Most currently available images would seem to fall into the medium level of security, but the status of existing images needs to be investigated. Procedures for determining the appropriate security level need to be developed and the role of the owner or contributor in this process specified. Incentives for obtaining images for lower levels of security from primary researchers would be helpful.
Another import issue is the problem of object distribution over networks. This requires appropriate network security level up to encrypted procedures. Again, the assignment of distribution security can be done on an object- or sub-object level.
Research in database design has gradually evolved from business databases to engineering databases and is currently starting to address issues concerned with scientific databases (Frenkel, 1994; Rhiner & Stucki, 1992). Similar security issues arise in the human genome project.
Research Directions and Goals
Anatomically correct models Models which faithfully reflect detailed facial anatomy, facial muscle actions, and facial tissue properties need to be developed. These models would be useful both for medical applications and for expression understanding research. The Library of Medicine is creating a three-dimensional model of several human bodies from digitized slices. The face portion of this database could provide an anatomically accurate model for the facial musculature.

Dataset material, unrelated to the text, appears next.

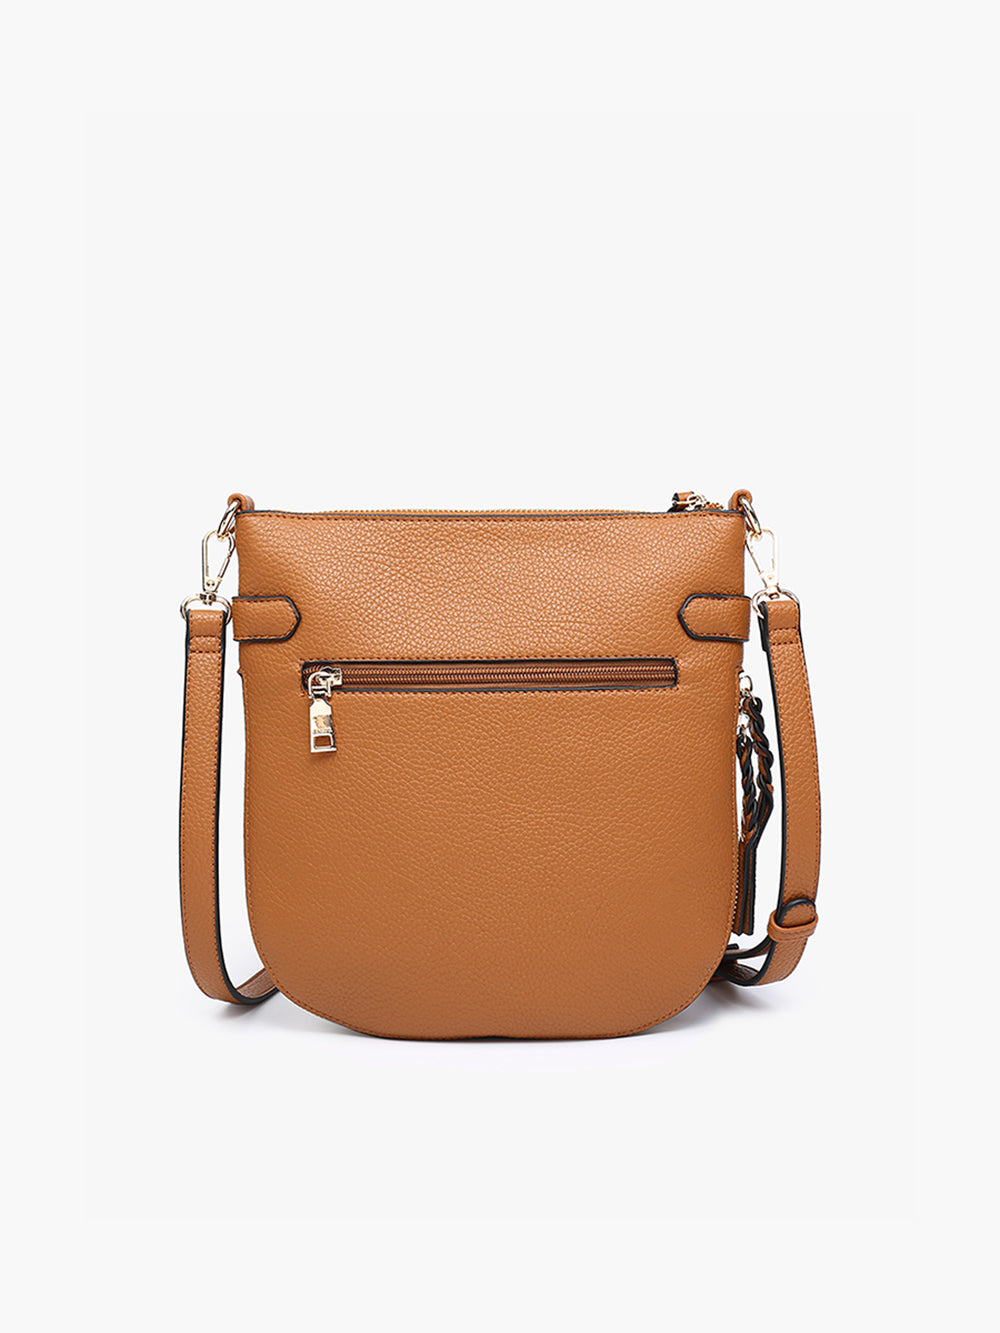 jen & co esther whipstitch round crossbody bag in brown vegan leather

Expression control Models which include complete, accurate expression control capabilities are needed. Control could be based on the FACS system or other parameterizations as needed and developed. The ability to easily specify and control facial conformation (those facial aspects which make each face unique) is desirable. Orthogonality between expression control and conformation control is essential.
Universal models An ultimate goal is the development of models which quickly and accurately provide representations for any face with any expression. This goal should address the extent to which artificially generated images can be substituted for photographic images.
Accessible models These models needed to be readily available (in the public domain?) and supported on common platforms - PC's and workstations.
Database organization A database of images needs answers to such questions as: How does one construct and administer large multimedia databases? What is the relationship between performance and database organization of the multimedia database? How do you distribute images and other fields efficiently and quickly via network or storage device? How do you search for key properties of a visual image?
Database security issues As discussed above security of databases can potentially be a huge problem. Some method of managing personal information must be established that has different levels of protection. The Human Subjects protocol used by universities could serve as a model.
NOTE: This report was assembled by D. Ballard from his own contribution and others from F. Parke, J. Hager, L. Sadler, P. Stucki, D. Terzopoulos, T. Sejnowski, and L. Williams, and was edited by T. Sejnowski.